Europe Can't Outsource Its Migrant Crisis

Another drop in the bucket.

Photographer: DELIL SOULEIMAN/AFP/Getty Images

Europe’s latest plan to stem the flow of migrants to its shores raises awkward questions. The situation is urgent, and the need for bold action is indisputable -- but the new proposals are both troubling and inadequate.

In effect, the European Commission’s new “Partnership Framework” tells migrants’ home countries they’ll be rewarded with trade and aid for curbing the outflow, and punished if they fail to. As it stands, this plan is unlikely to work; to the extent it does work, it may put refugees in danger.

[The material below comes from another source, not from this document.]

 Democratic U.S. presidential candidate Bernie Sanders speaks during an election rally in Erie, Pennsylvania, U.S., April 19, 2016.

Last year, some 1 million people came to the EU seeking sanctuary and better lives. Nearly 3,000 people have died crossing the Mediterranean this year. Most migrants embark from Libya and, increasingly, Egypt. More and more of them are unaccompanied minors. Criminal syndicates have turned migrant smuggling to Europe into an estimated $6 billion business.

So it’s understandable that the EU wants to replicate the initial success of its arrangement with Turkey, which agreed to let Greece send back “all new irregular migrants” in exchange for 6 billion euros ($6.8 billion) and the right for its citizens to travel to Europe without visas. The deal cut arrivals through Greece by 90 percent, and considerably reduced the flow to Europe overall. But arrivals through Italy are undiminished.

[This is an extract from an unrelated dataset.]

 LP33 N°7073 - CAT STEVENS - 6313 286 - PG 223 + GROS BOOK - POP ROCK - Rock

Under the new proposal, the EU will spend 8 billion euros ($9.1 billion) over five years on aid for more than a dozen countries in Africa and the Middle East. In return, they must cooperate in accepting the return of more arrivals to their countries of origin or transit, cracking down on smugglers, and generally improving migration management. Over the longer term, the EU also hopes to raise about 60 billion euros of mostly private money for investment to address the root causes of migration. The EU says it will use its trade, aid and visa policies to reward countries that cooperate, and that “there must be consequences for those who do not cooperate on readmission and return.”

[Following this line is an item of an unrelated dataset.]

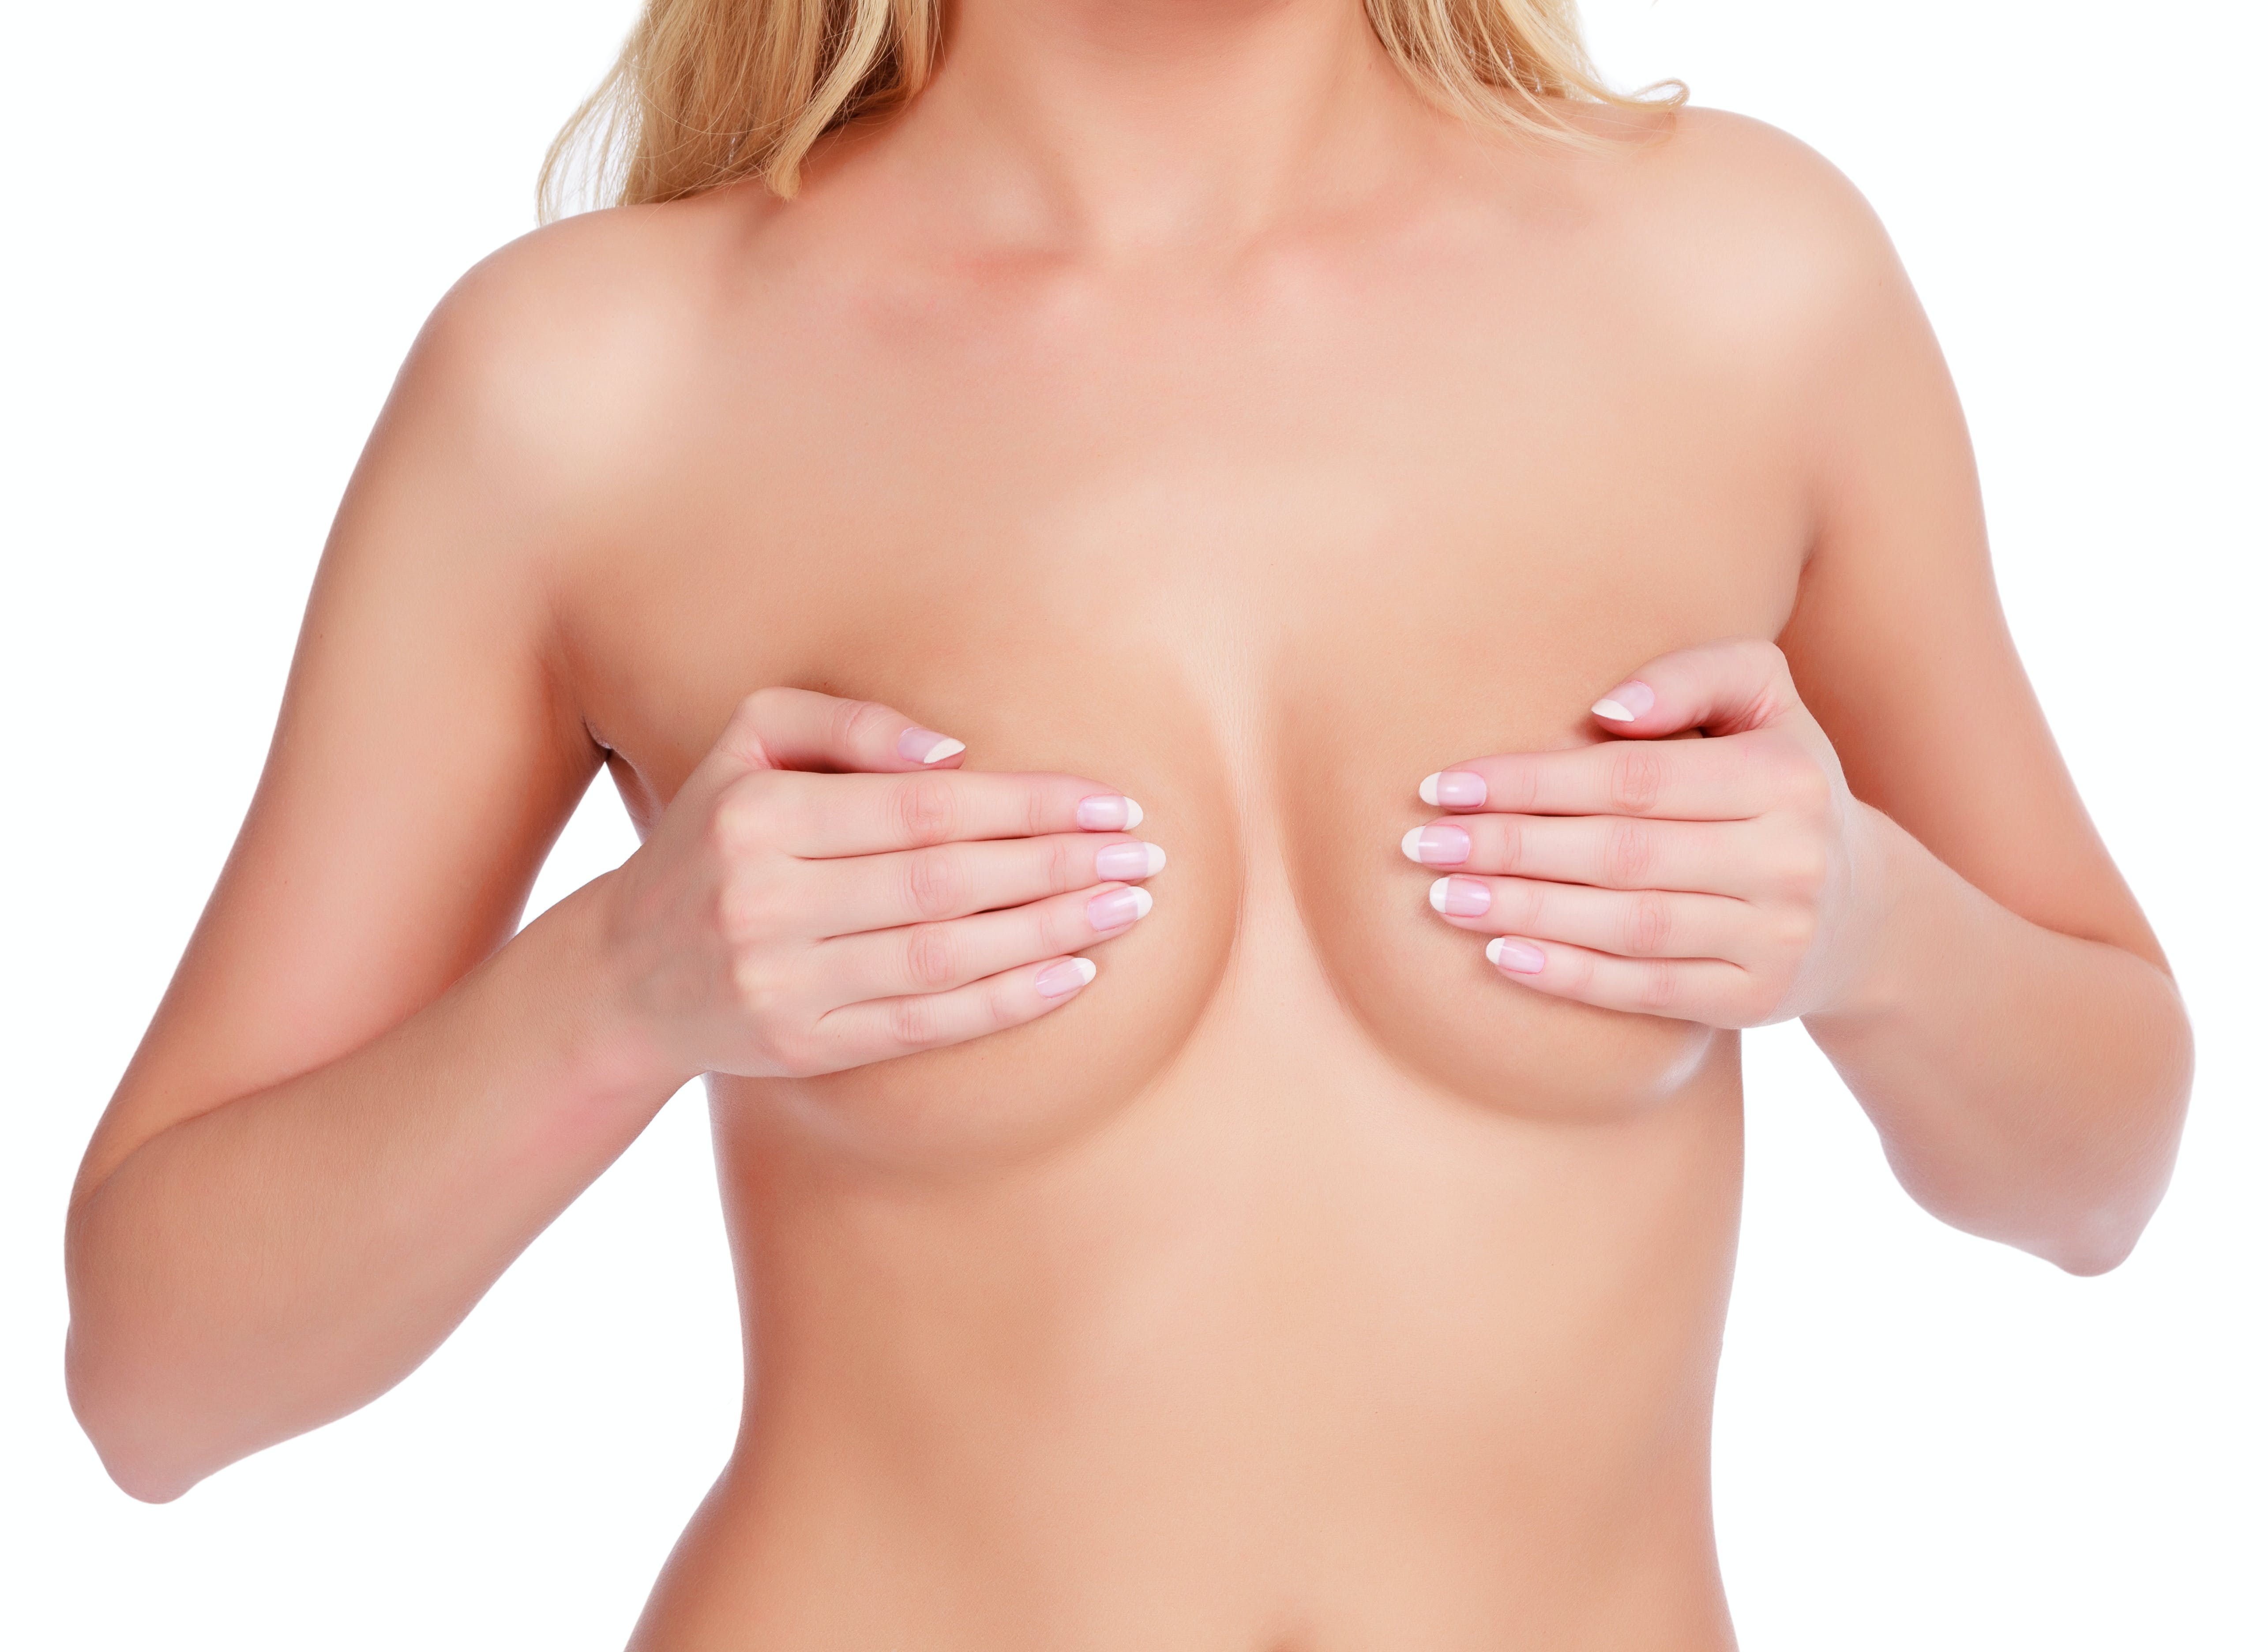 www gratis sex hvordan får du faste bryster

What’s the problem with this? Simply that many of the would-be partner governments are much less competent than Turkey’s (think Mali or Niger), or corrupt and unjust (think Eritrea or Sudan). Without close oversight and effective accountability, they can’t be trusted to properly discharge their partnership responsibilities -- and they shouldn’t be encouraged, in effect, to stop migration by any means necessary.

There’s another drawback: Linking aid to stopping migration opens the EU up to blackmail. After the EU did its deal with Turkey, Niger demanded an extra 1 billion euros ($1.1 billion) in aid to curb the outflow. Kenya has threatened to close the Dadaab refugee camp, the world’s largest.

The Commission is right, though, to offer more money for helping refugees in place. It’s proposing more support for refugees in Lebanon and Jordan, which have borne a huge burden, but the commitment still isn’t adequate. The new Government of National Accord in Libya, the point of departure for migrants headed across the Mediterranean, also needs more of this kind of support. Joining efforts to crack down on smuggling gangs is a win-win proposition for both the EU and the weak states it wants to assist. And well-targeted development aid can help keep people at home by easing or averting humanitarian emergencies.

There’s no quick or easy fix for this problem. Balancing humane (and lawful) treatment of refugees with what Europe’s citizens are willing to accept is an enormous challenge, and likely will be for years to come. Europe will doubtless need to spend more money -- but it can’t meet all its obligations in this matter just by paying other governments to take care of it.